Both AMD and Freescale are expected to reveal more about their dual-core plans at the Fall Processor Forum in San Jose, Calif., in October. The chips themselves aren't expected to hit the market until mid-2005. Intel is likely to reveal more about its plans for dual- and multi-core chips at the Intel Developers Forum in Santa Clara, Calif., next month.
A shift in design
The dawn of dual-core microprocessors represents a fundamental shift in thinking of how microprocessors are designed. For decades, designers have been following a reliable pattern of shrinking the transistors on a chip and boosting the speed at which they operate. But in recent years, those old tricks have proved less helpful in designing a chip that can accomplish more work, says analyst Tom Halfhill with Instat/MDR, the research outfit that hosts the Fall Processor Forum each year.
"I think that what is actually driving this is that chip architects are becoming frustrated because they keep designing more sophisticated processor cores and aren't getting as much performance out of them," Halfhill says.
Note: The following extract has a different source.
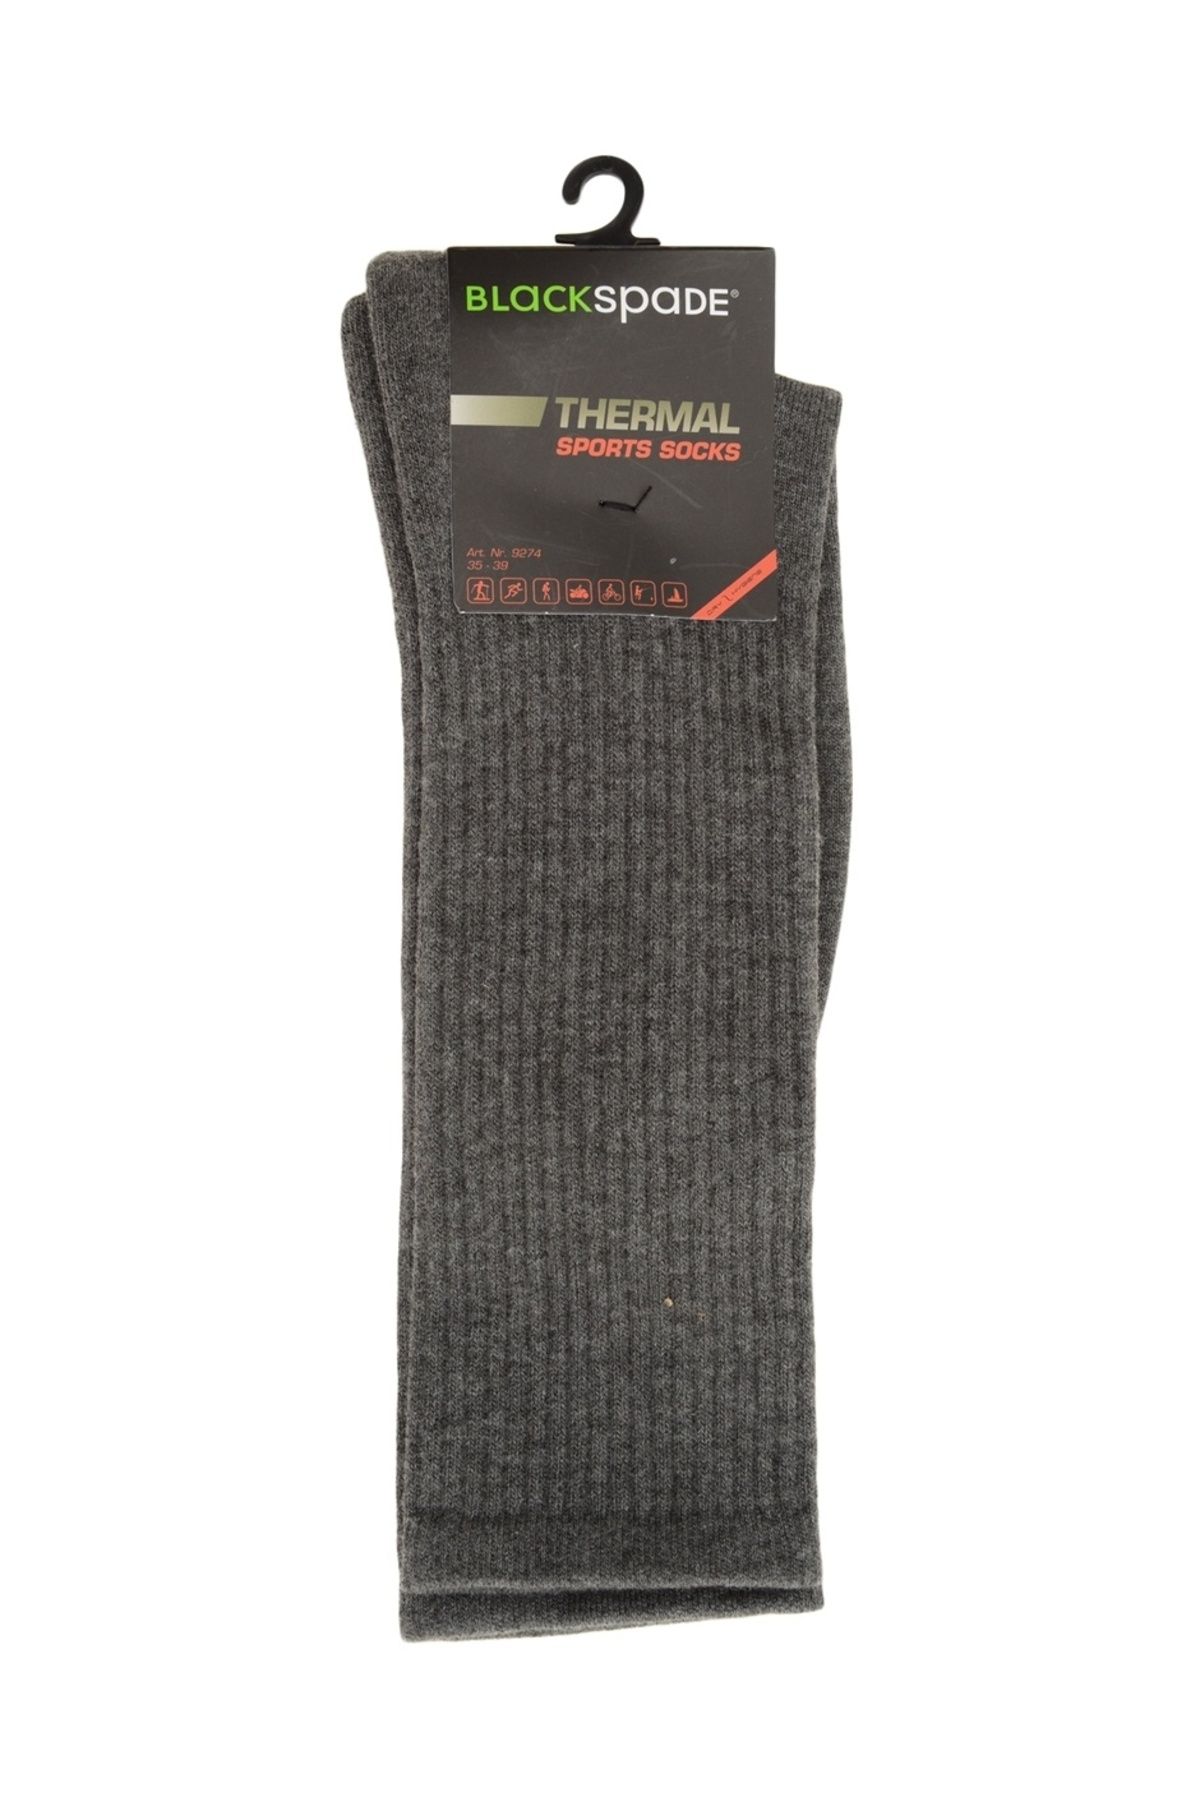 Blackspade Gri Kadın Termal Soket Çorap 9274 Thermal

The key measurement, Halfhill says, is known as instructions per clock — which means the number of commands a chip can issue with every cycle of its internal clock. At peak rates some chips can briefly issue three or four instructions per clock, but can't maintain that speed. But taken as an average, the number of instructions per clock is much lower, and more difficult to increase. "No matter what the designers seem to do, they can't seem to get past an average of 1.3 instructions per clock," he says.
One new approach, Halfhill says, is to put more, but simpler cores on a chip to accomplish the same computing work more efficiently. And when a second core isn't needed, he says, it can be put to sleep. That already happens now with single-core chips. "Most people don't realize that part of the processor in their PC is going to sleep between keystrokes," he says.
But while the dual-core advantage is clear in the server world, where chips are generally required to tackle heavier tasks, it's not as clear in the desktop world, says analyst Nathan Brookwood of Insight 64, Saratoga, Calif.
"There is a lot of software that is not written to take advantage of multiple cores," he says.
That may be changing. Intel has for the last few years been selling chips that use a technique called hyperthreading, which allows a single-core chip to act on two instructions at once, the reason being that if one instruction stalls, the chip can turn its attention to the other.
"Intel in its wisdom has been encouraging companies to adapt their software for hyperthreading, and the software interface for hyperthreading is almost identical to that for multi-core chips."
Brookwood compared the switch to dual- and multi-core chips with that of adding cylinders in a car engine. "One could conceivably build a single-cylinder engine. But it would have to be an awfully big cylinder, and the pistons very heavy, and it would get to the point where the weight of the engine would slow down the vehicle the bigger and more powerful you try to make it," Brookwood says. "I think with microprocessors we've reached that state now."